SMITH (ET AL., APPELLANT). LAKE, APPELLANT, V. SMITH. LAKE, JR. V. SMITH (ET AL., APPELLANT)



Appeal from judgment of Court of Common Pleas of York County, Jan. T., 1972, No. 110, May T., 1972, No. 648, and Aug. T., 1972, No. 941, in cases of Howard Turner, III v. Charles E. Smith and Terry D. Lake; and Terry D. Lake v. Charles E. Smith; and Scotty Lake, Jr. v. Charles E. Smith and Terry D. Lake, additional defendant.

COUNSEL

Mark Woodbury, III, with him Kain, Brown, Roberts & Woodbury, for appellant.

Robert J. Stewart, with him Daniel W. Shoemaker, and Liverant, Senft and Cohen, and Shoemaker & Thompson, for appellees.

Watkins, P. J., Jacobs, Hoffman, Cercone, Price, Van der Voort, and Spaeth, JJ. Opinion by Jacobs, J. Concurring and Dissenting Opinion by Cercone, J.

Author: Jacobs

[ 237 Pa. Super. Page 163]

This case arose from an automobile collision which occurred on June 11, 1971, when a sedan driven by appellant Terry Lake and a pickup truck driven by appellee

[ 237 Pa. Super. Page 164]

Charles Smith met head-on near the intersection of Route 624 and Gay Street, York County, injuring the occupants of both vehicles. Three trespass actions were thereafter brought and consolidated for trial. The jury denied appellant Lake recovery in his suit against appellee Smith and found against both drivers in the suits filed by appellant's passengers.

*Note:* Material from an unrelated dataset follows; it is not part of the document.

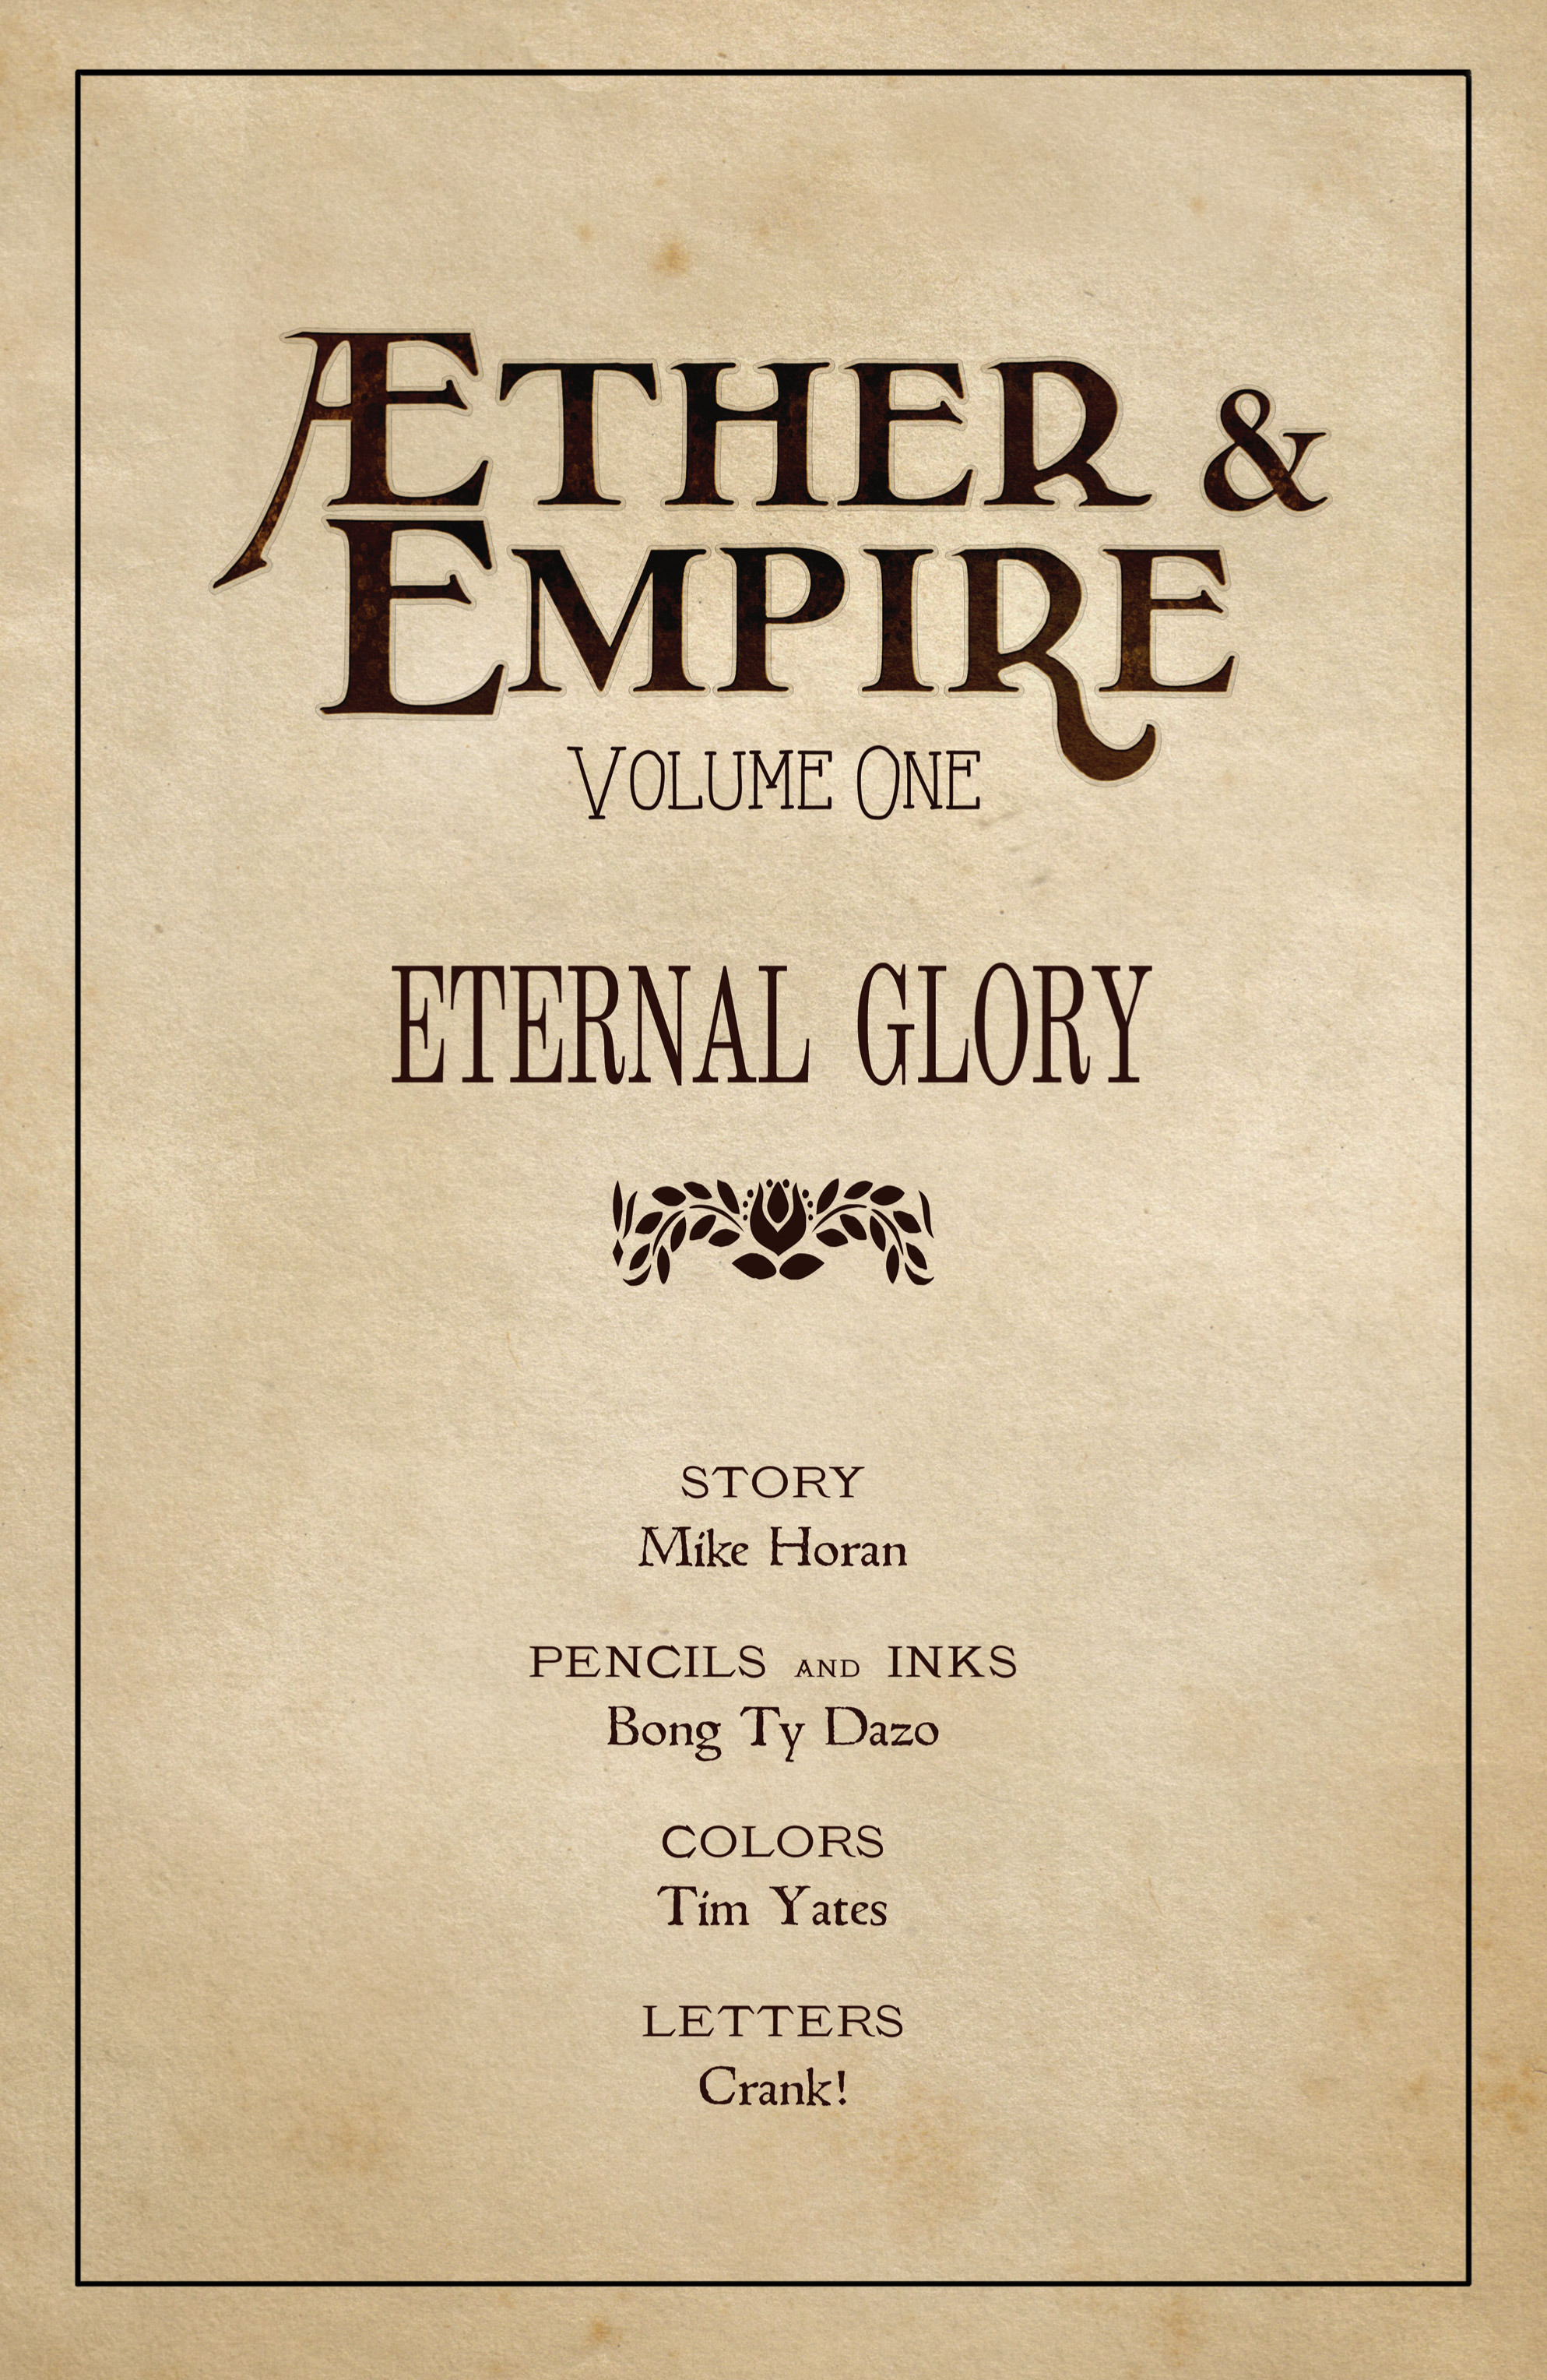 Read online Æther & Empire comic -  Issue # Full - 2

Appellant has appealed from all three judgments, claiming that the court erred in its charge. We agree with appellant's assignments of error as to the charge and we reverse and remand for a new trial with respect to the judgments entered against appellant in each of the consolidated cases.

Appellant's specific contentions are that the court below should not have applied the "assured clear distance ahead" rule*fn1 to the facts of this case and that the trial court erred in its refusal to instruct the jury as to the effect of one driver's reckless driving on that driver's defense of contributory negligence. We will discuss both of these issues after a brief summary of the relevant facts.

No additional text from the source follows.